This scenario illustrates the difficulties faced by IACUCs that try to answer complex humane and ethical questions using established federal policies and guidelines. In my opinion, neither the question posed by the new member nor the answer of the established IACUC Chairman is controversial. This situation is a crossroads between a strict interpretation of federal standards and an expanded interpretation of a more progressive culture of humane science in animal welfare.

It is clear from both the literature and anecdotal accounts that a combination of subjective and objective observations and knowledge of the disease pathology must be applied to determine the level of pain and distress in an animal model. During my residency, in 1992, I had the opportunity to observe MPTP-treated rhesus monkeys. Their care and husbandry required a great deal of time and attention to detail. It was clear that these animals were debilitated. However, grading and 'treating' distress was more difficult than assessing pain and administrating analgesics. This animal model demonstrates one of the issues that still must be addressed by our federal regulatory agencies: how do you meet USDA category guidelines for animals that are clearly distressed, but will not benefit from the use of analgesics?
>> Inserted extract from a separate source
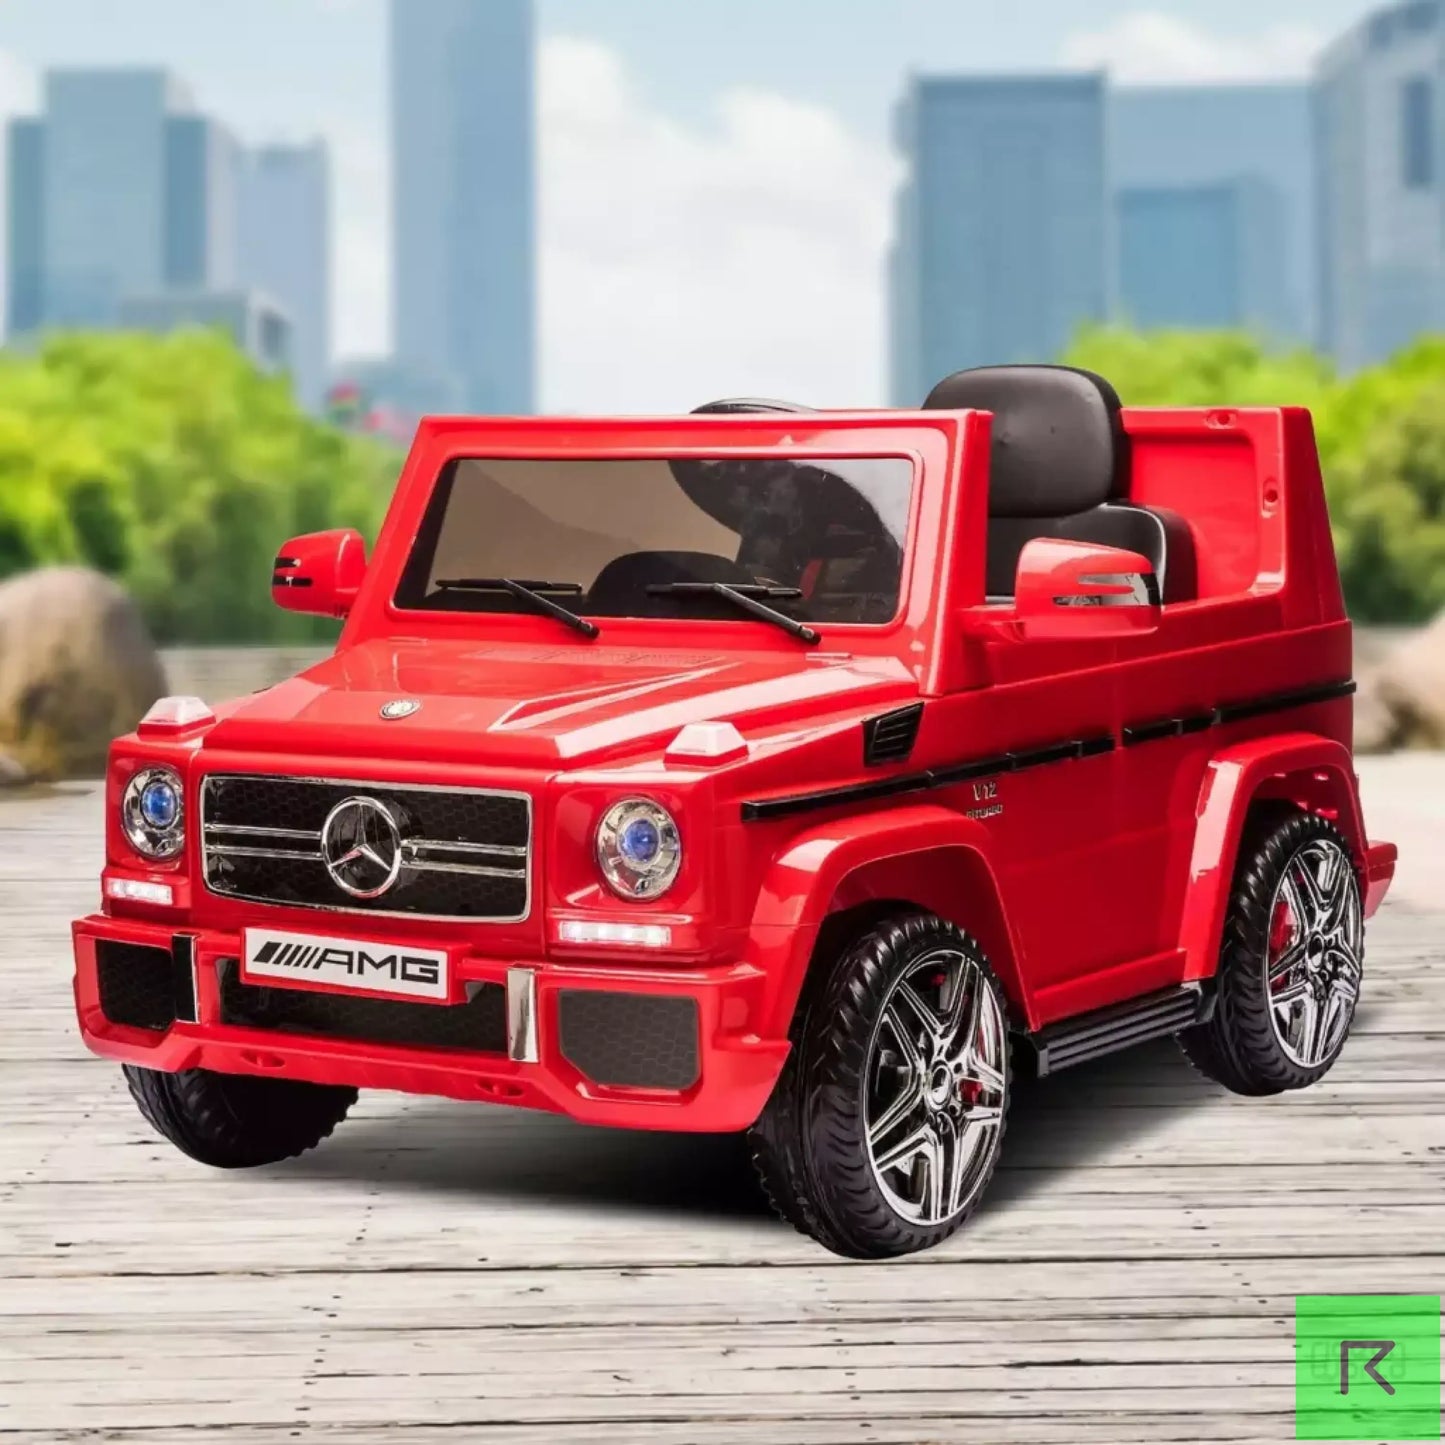 MERCEDES BENZ RED AMG G65 Licensed Kids Ride On Electric Car with RC - Red

IACUCs have the freedom to evaluate any given procedure and categorize it as C, D, or E depending on the circumstances in which the procedure is employed. The MPTP-treated animals are distressed but receive intensive postprocedural care to address their condition. Although this care is not pharmaceutical, it is beneficial. Thus, they are not a good fit for Category C. Category D would seem to be the most logical, if postprocedural care is included in the list of agents used to address pain and distress.

Listing the animals in Category E, however, seems to be the most appropriate based on the USDA guidelines. Nevertheless, Great Eastern should be concerned about having nonhuman primates listed as Category E on an internet-accessible annual report. It is very possible that this issue will have a significant impact on the outcome of the discussion. The opinion of the USDA inspector may be beneficial since the school appears not to have had problems reporting these animals as category C in the past; change might not be required. However, more discussion between the biomedical research community and the regulatory authorities is necessary to address these complex issues.

Although the animals undergoing the gene therapy trial will be debilitated, their condition is not the result of a major surgical procedure. Thus, the protocol does not fall under the guidelines outlined in USDA Policy #14 (ref. 1). I agree with the Chair's interpretation of this policy.

This situation (and the many others like it) indicate that the USDA needs to revaluate its current policies. It is important that views like those expressed by the new IACUC member are given adequate time for discussion and consideration. I hope that more consideration will be given to animal care and its ability to address postprocedural issues.